● **HOW TO COMPLETE THIS TASK**
Give back exactly the lines from the beginning of the listing below to the line holding "This artwork is", both ends included; the pictures stay out.

● **SUPPLIED DATA**
((

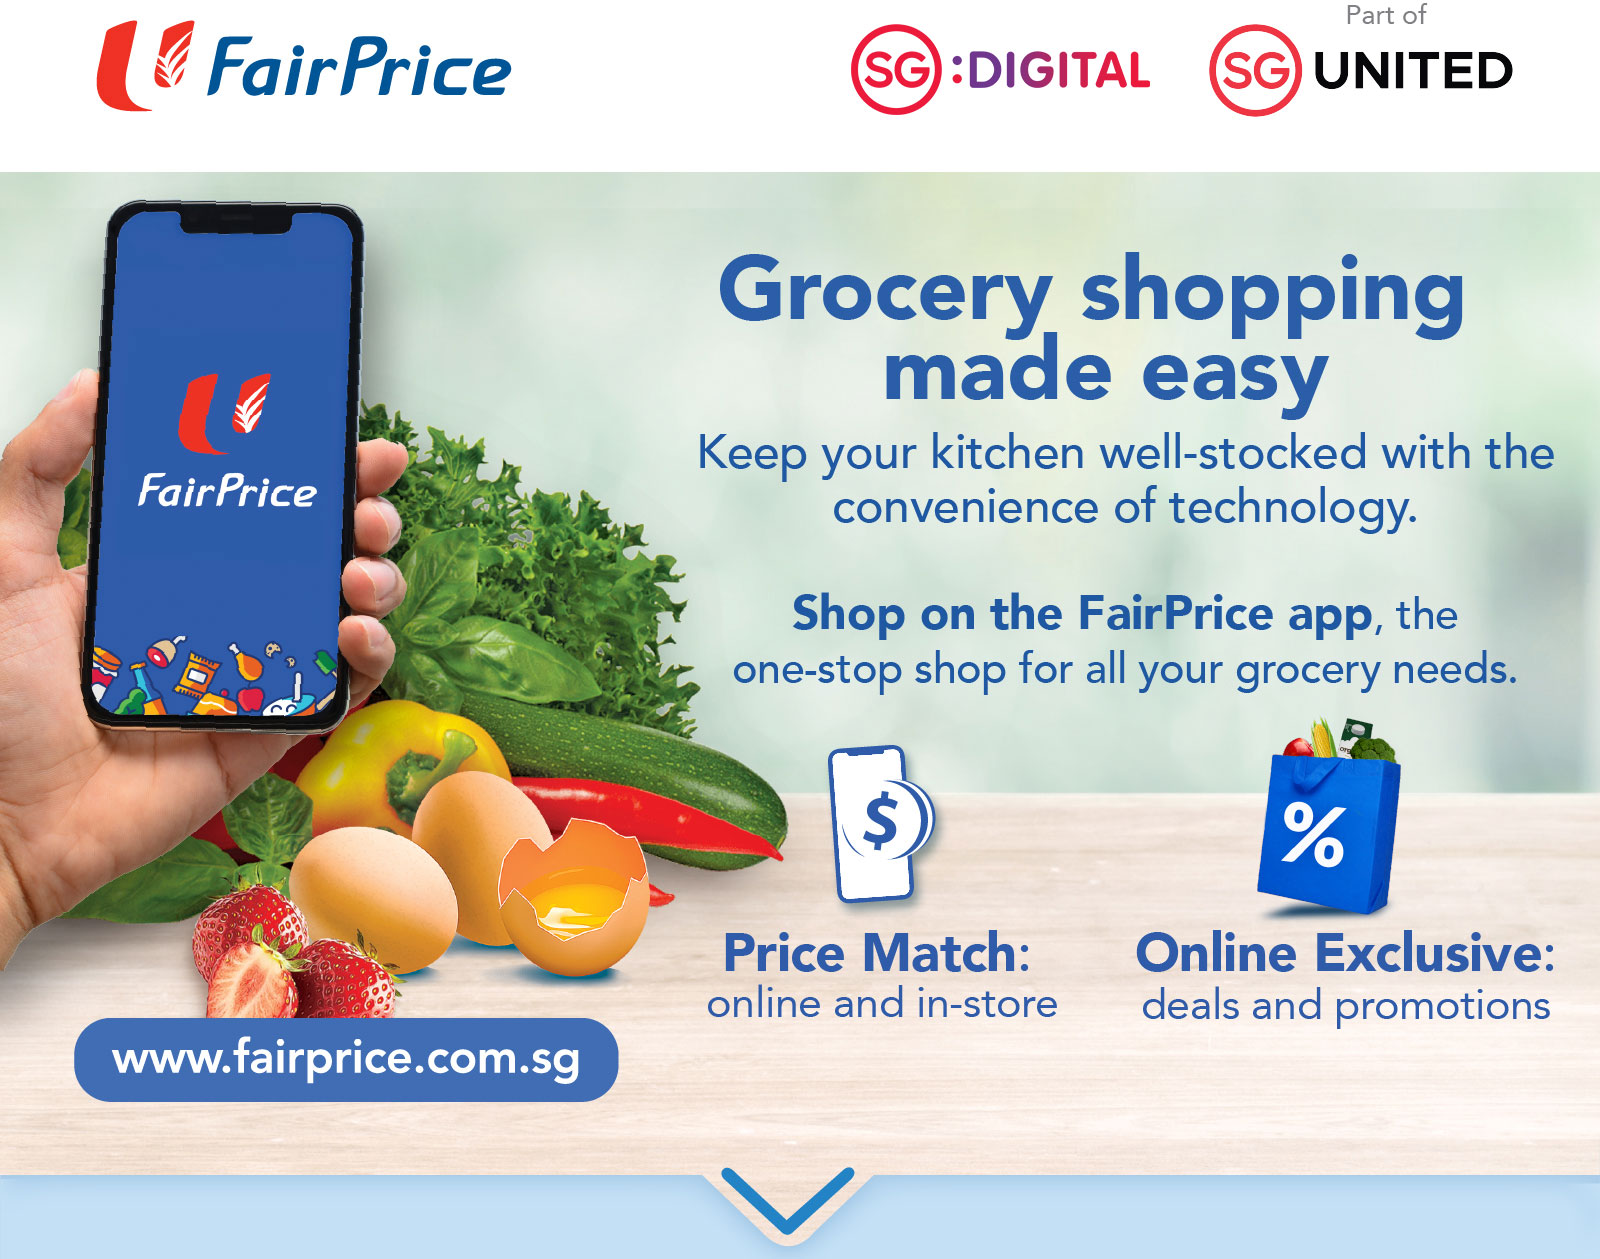 Seniors go digital - Grocery shopping made easy with FairPrice app
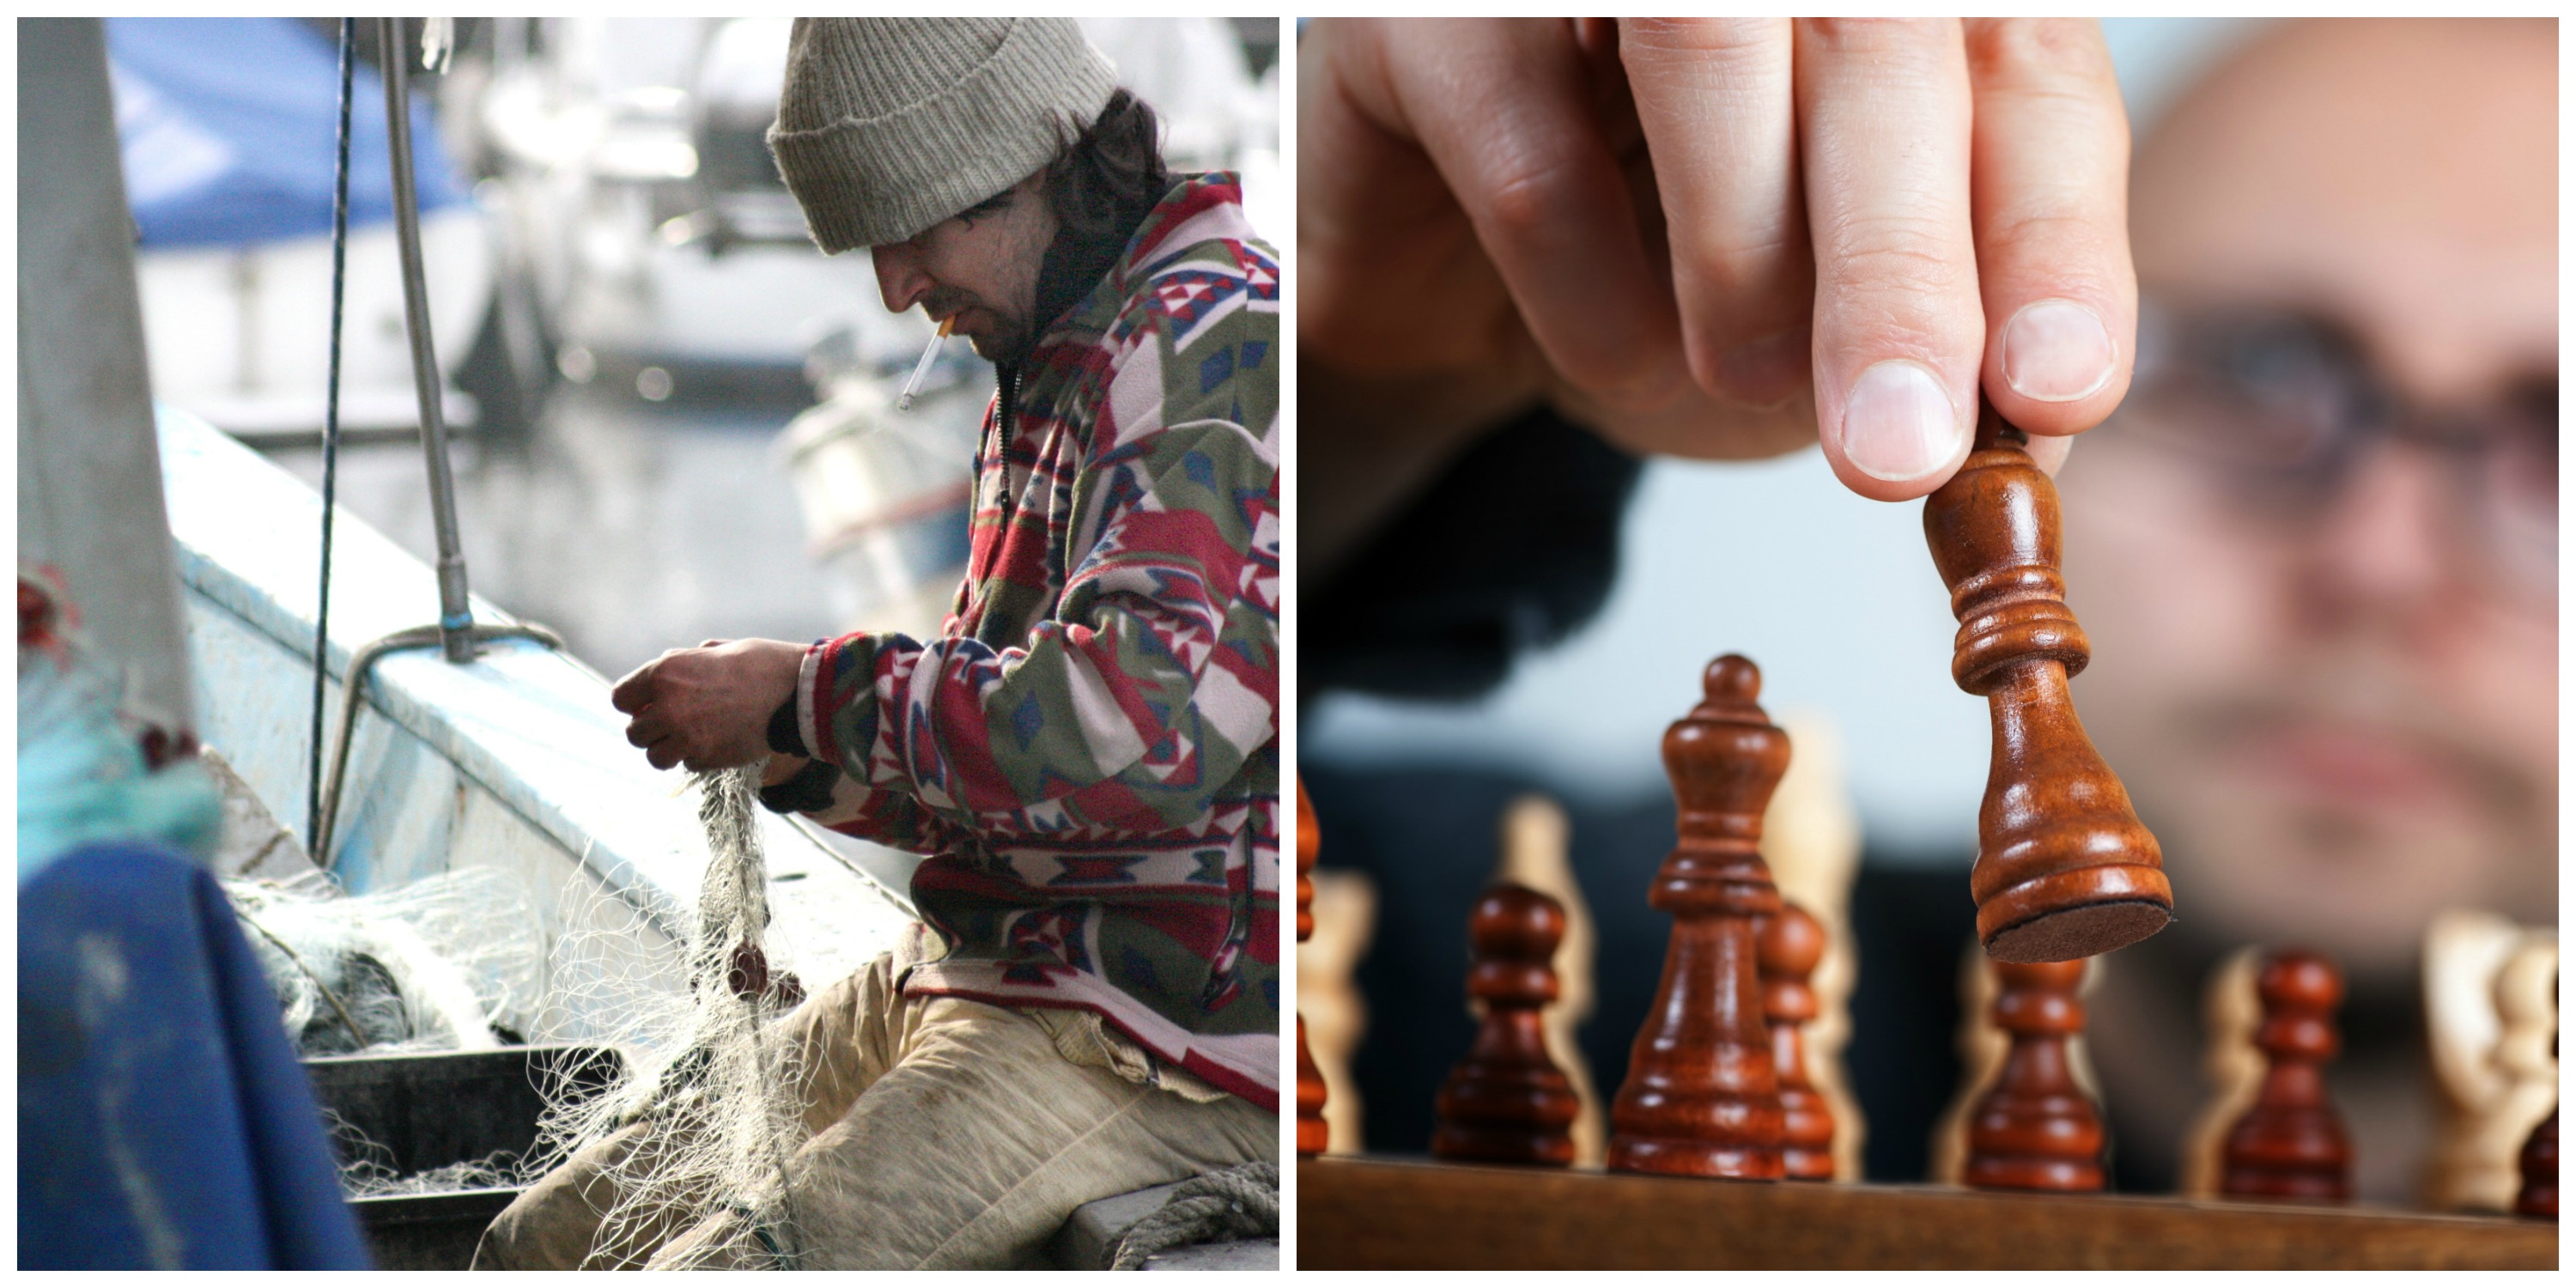 Chess player Fisherman or a real Fisherman?
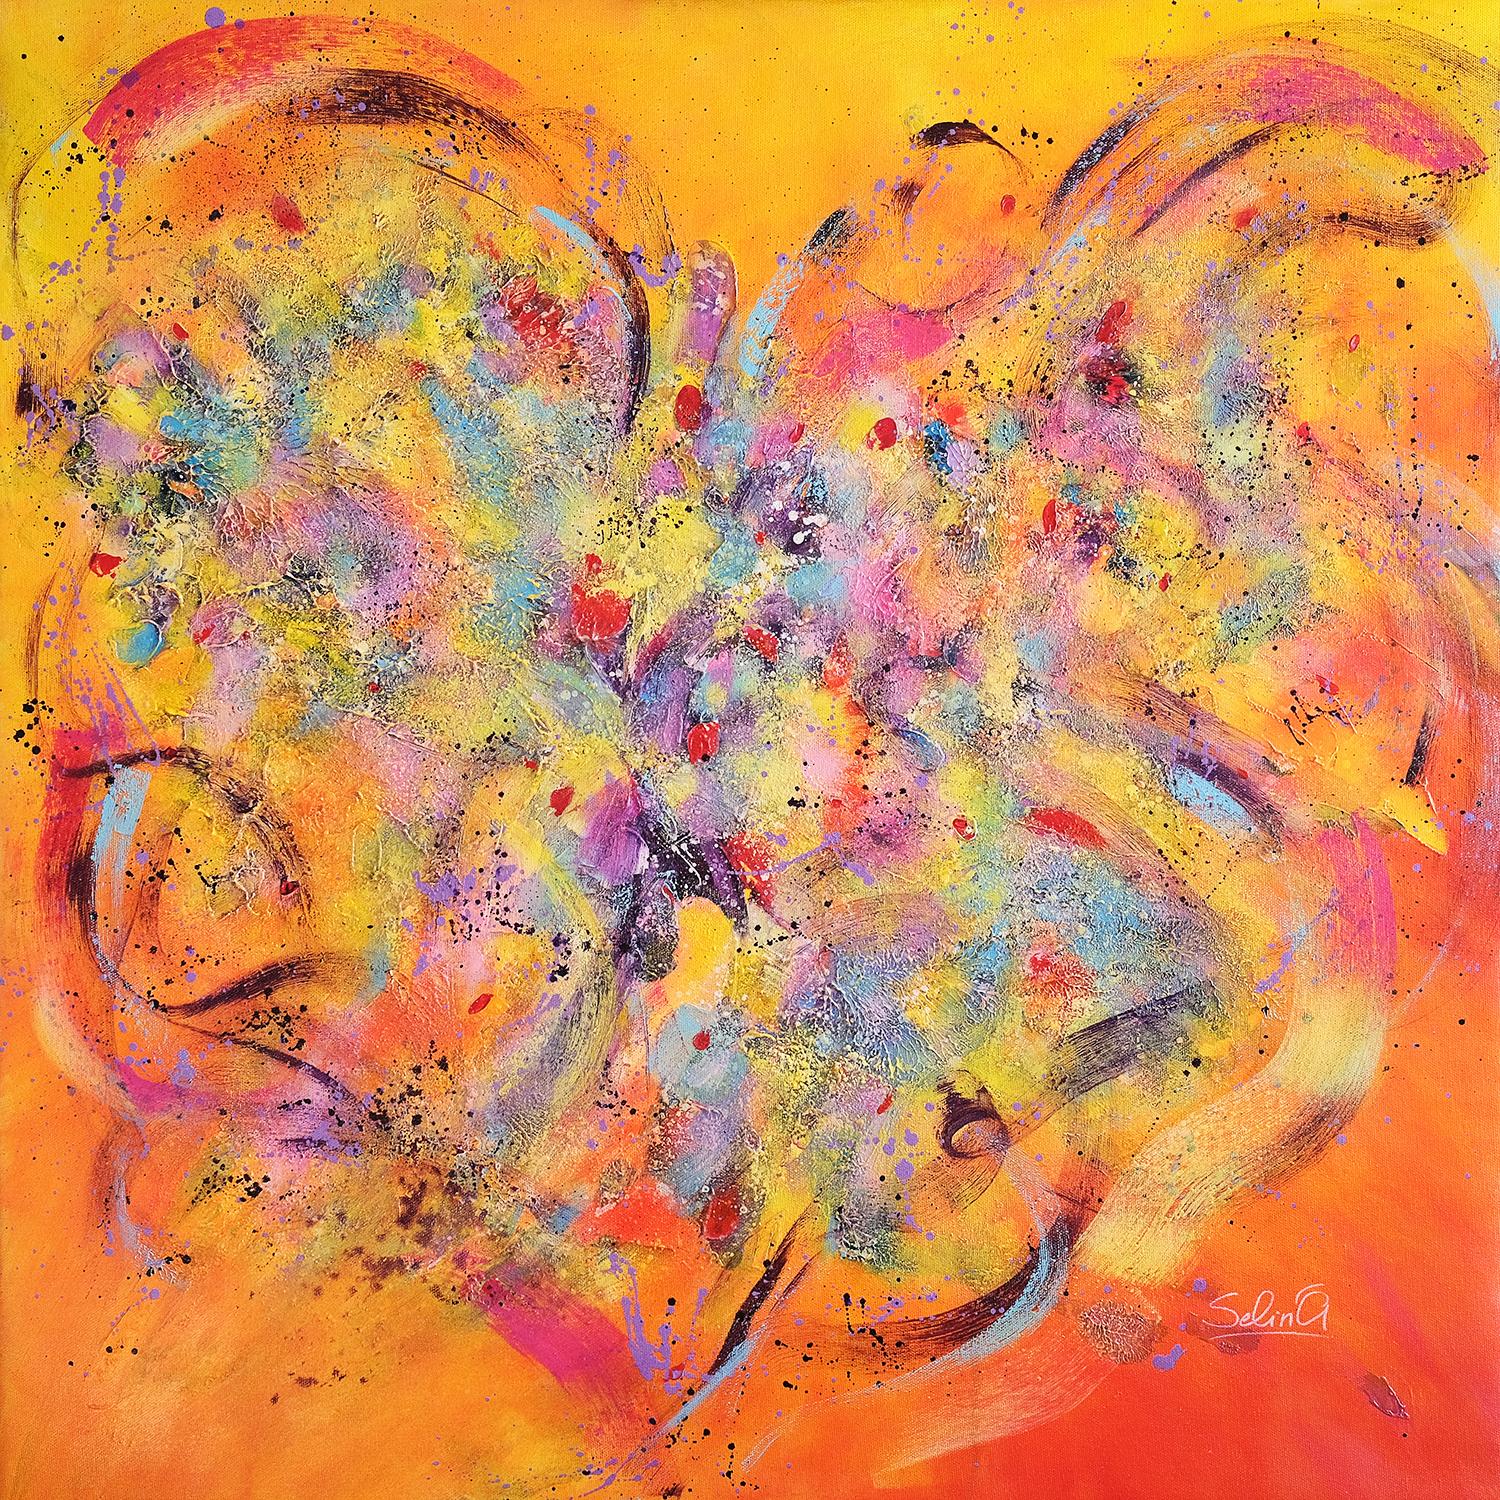 This artwork is about love, my love to colors, to life itself. It's a bit childish and full of miracles, when you feel that everything is possible.The main color here is orange- color of happiness, joy, life energy. 
Bright colors bring bright

))

● **RESPONSE TO THIS EXERCISE**
 Seniors go digital - Grocery shopping made easy with FairPrice app
 Chess player Fisherman or a real Fisherman?
 This artwork is about love, my love to colors, to life itself. It's a bit childish and full of miracles, when you feel that everything is possible.The main color here is orange- color of happiness, joy, life energy. 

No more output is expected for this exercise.